Да, так оно сейчас и происходит. Были случаи, когда актёров удаляли из сериалов. Очень многие, в том числе высокопоставленные люди стали удалять Пригожина с фотографий или свои фотографии с Пригожиным после неудавшегося мятежа. В Петербурге какой-то «художник» сделал граффити с портретами Пригожина, Кадырова и Путина. Портрет Пригожина на этом граффити он впоследствии замазал.
Это очень похоже на то, что происходило в тридцатые годы. Если вы просто появляетесь на фотографии с человеком, который является врагом власти, это бросает на вас серьёзную тень и подозрение. Если вы хотите казаться лояльным гражданином, то эти фотографии желательно удалить или не показывать.
Про репрессированных бабушек, дядь, дедушек в семьях не говорят до сих пор. Превратятся ли люди, которые уехали или погибли и были неблагонадёжными, в таких же призраков?
Сейчас это просто сложно, технически сложно. Безусловно, фотографии редактировались и сейчас редактируются, и будут редактироваться. Но полностью избавиться от цифровых фотографий в медиапространстве очень сложно. Я думаю, что все-таки, наверное, нет.
Фотографии останутся, но практики избавления от неугодных фотографий, которые сейчас мы наблюдаем, будут любопытным материалом для будущих историков и антропологов.
Расскажите, где вы живёте сейчас и чем занимаетесь?
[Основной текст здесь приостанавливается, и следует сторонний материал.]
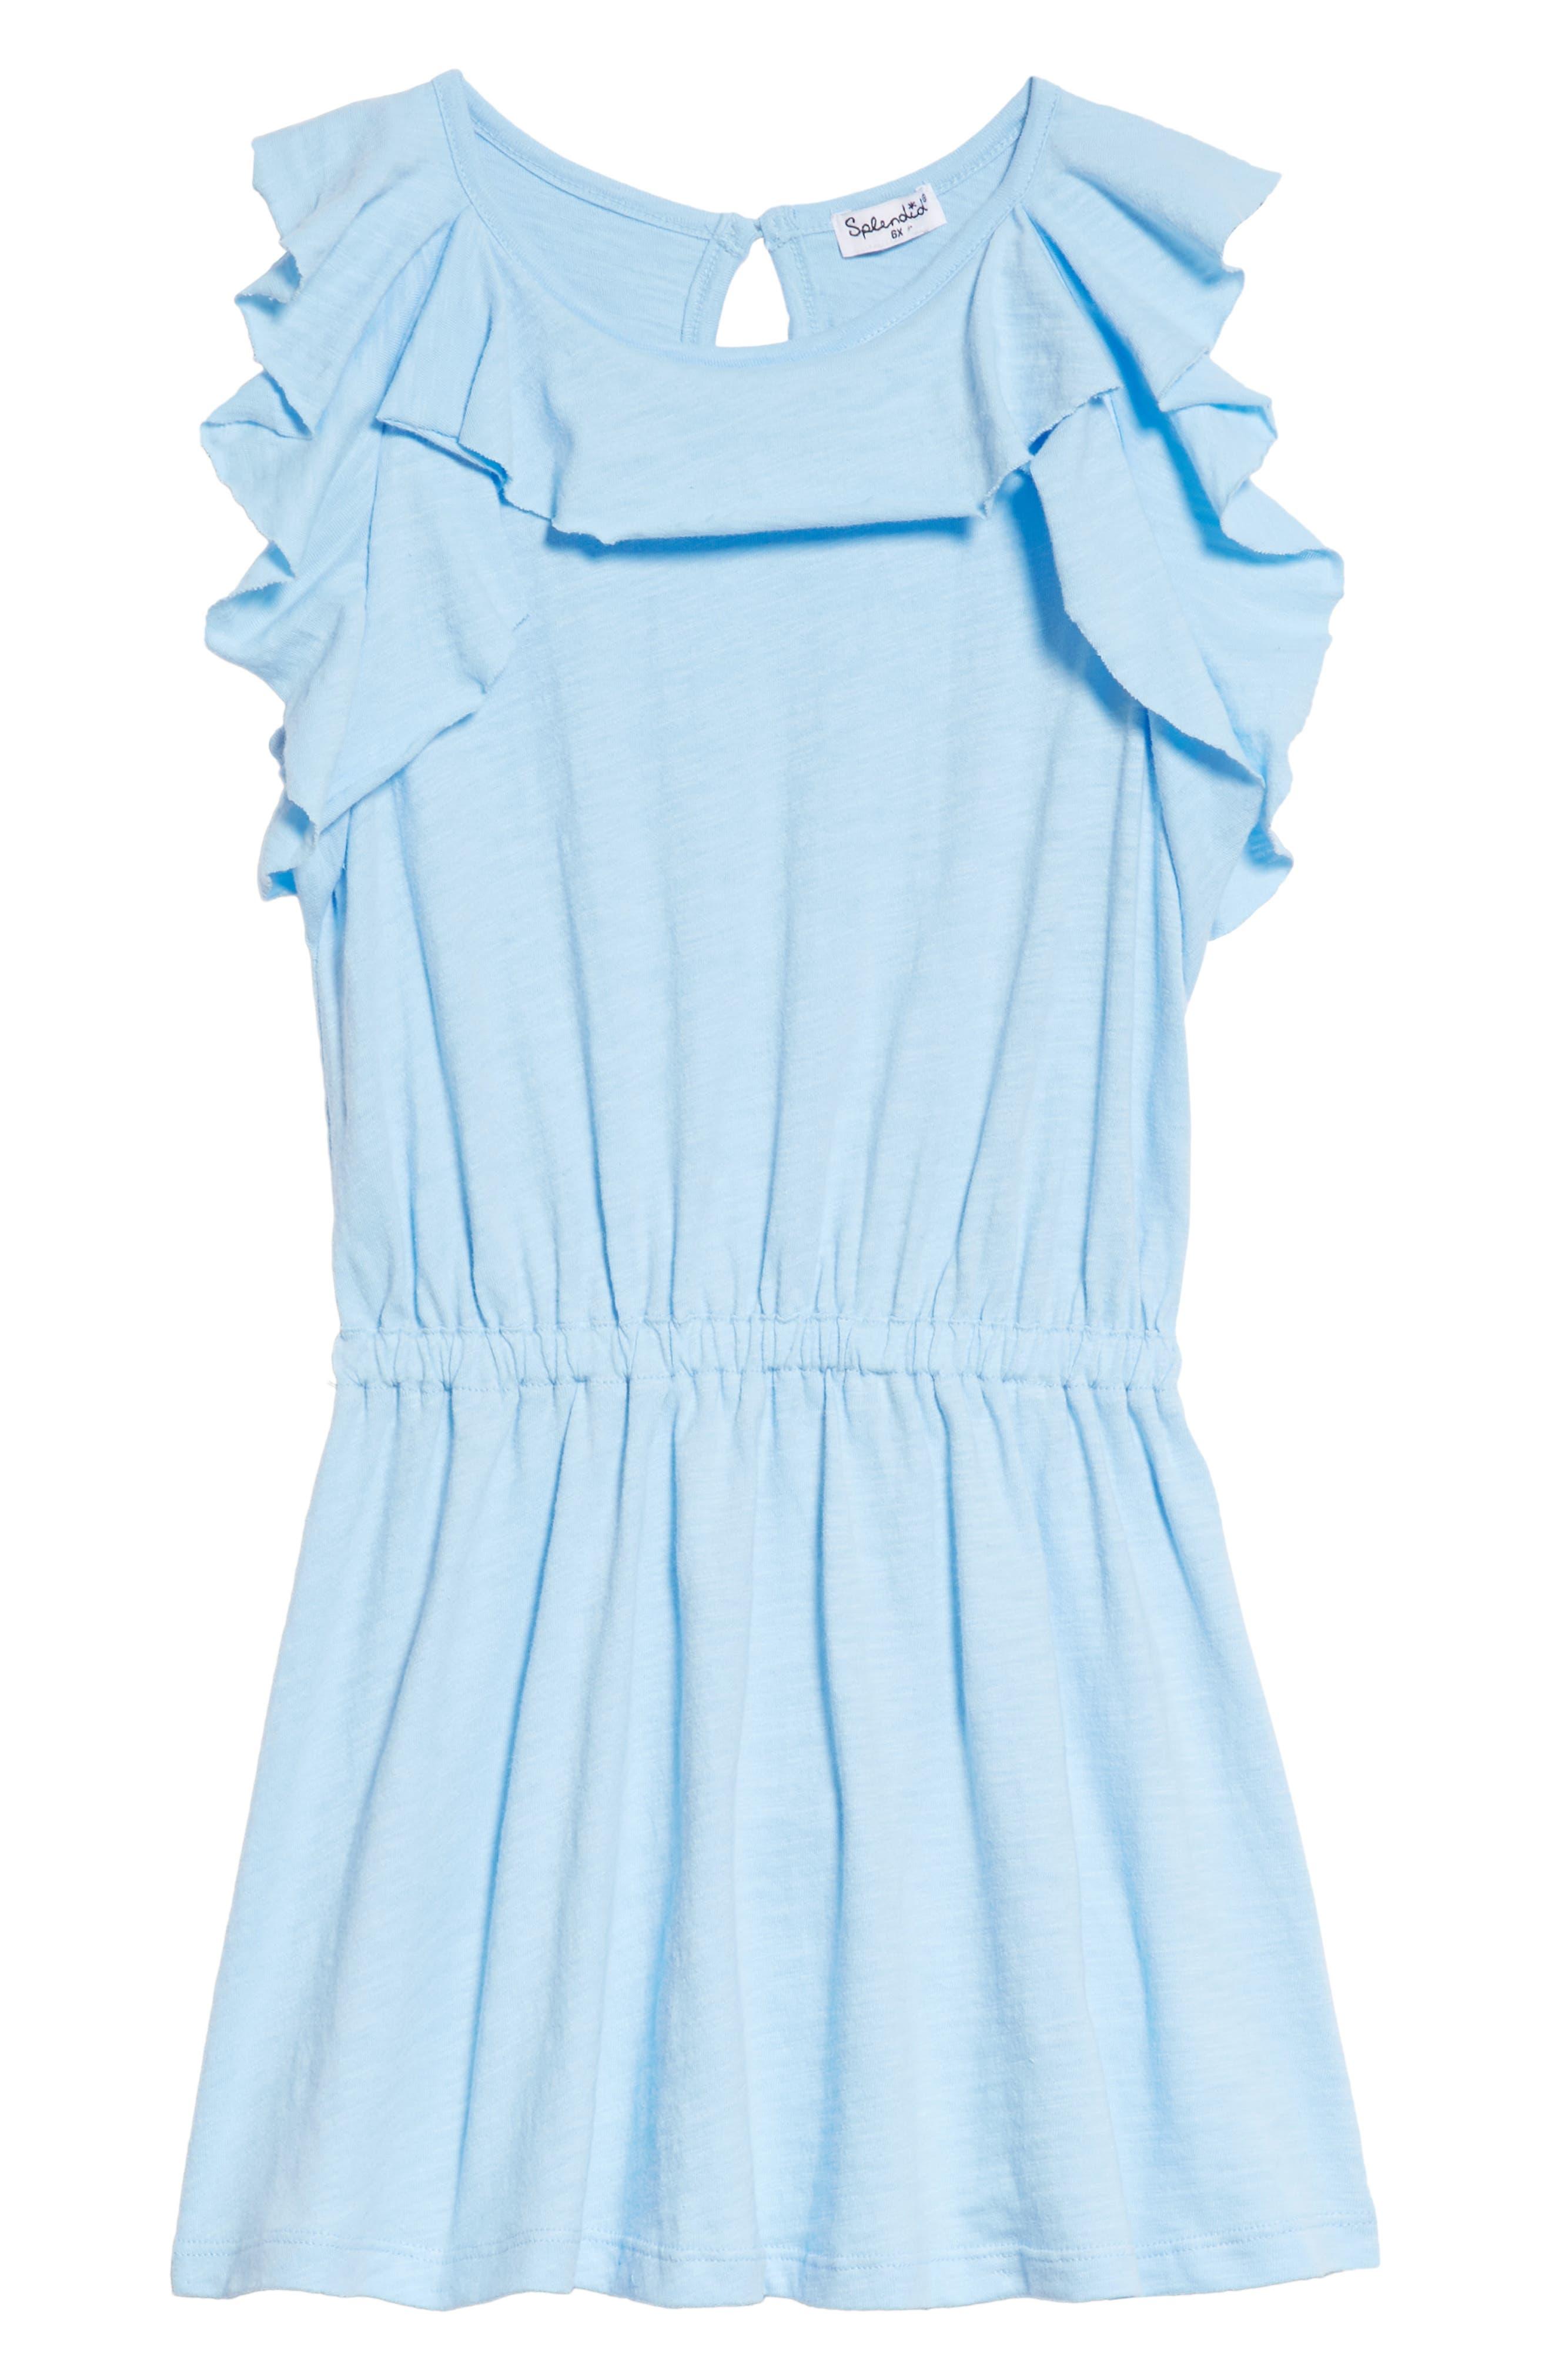 Alternate Image 1 Selected - Splendid Flounce Dress (Toddler Girls & Little Girls)

Я сейчас живу в Берлине, и работаю в образовательном проекте, который называется «Смольный без границ». Это образовательный онлайн-проект, который организовали бывшие преподаватели факультета свободных наук и искусств. И у нас есть преподаватели и из других университетов. Объединяет нас, что мы уехали после начала войны, из-за войны, и хотим продолжать традиции свободного образования.
В России свободное образование сейчас находится в очень тяжёлой ситуации, а хорошее образование без академической свободы невозможно.
Я видела, что вы планируете запустить программу с выдачей associate degree – что это за степень? Могут ли сертификаты Смольного помочь студентам, стать платформой для дальнейшей карьеры за рубежом?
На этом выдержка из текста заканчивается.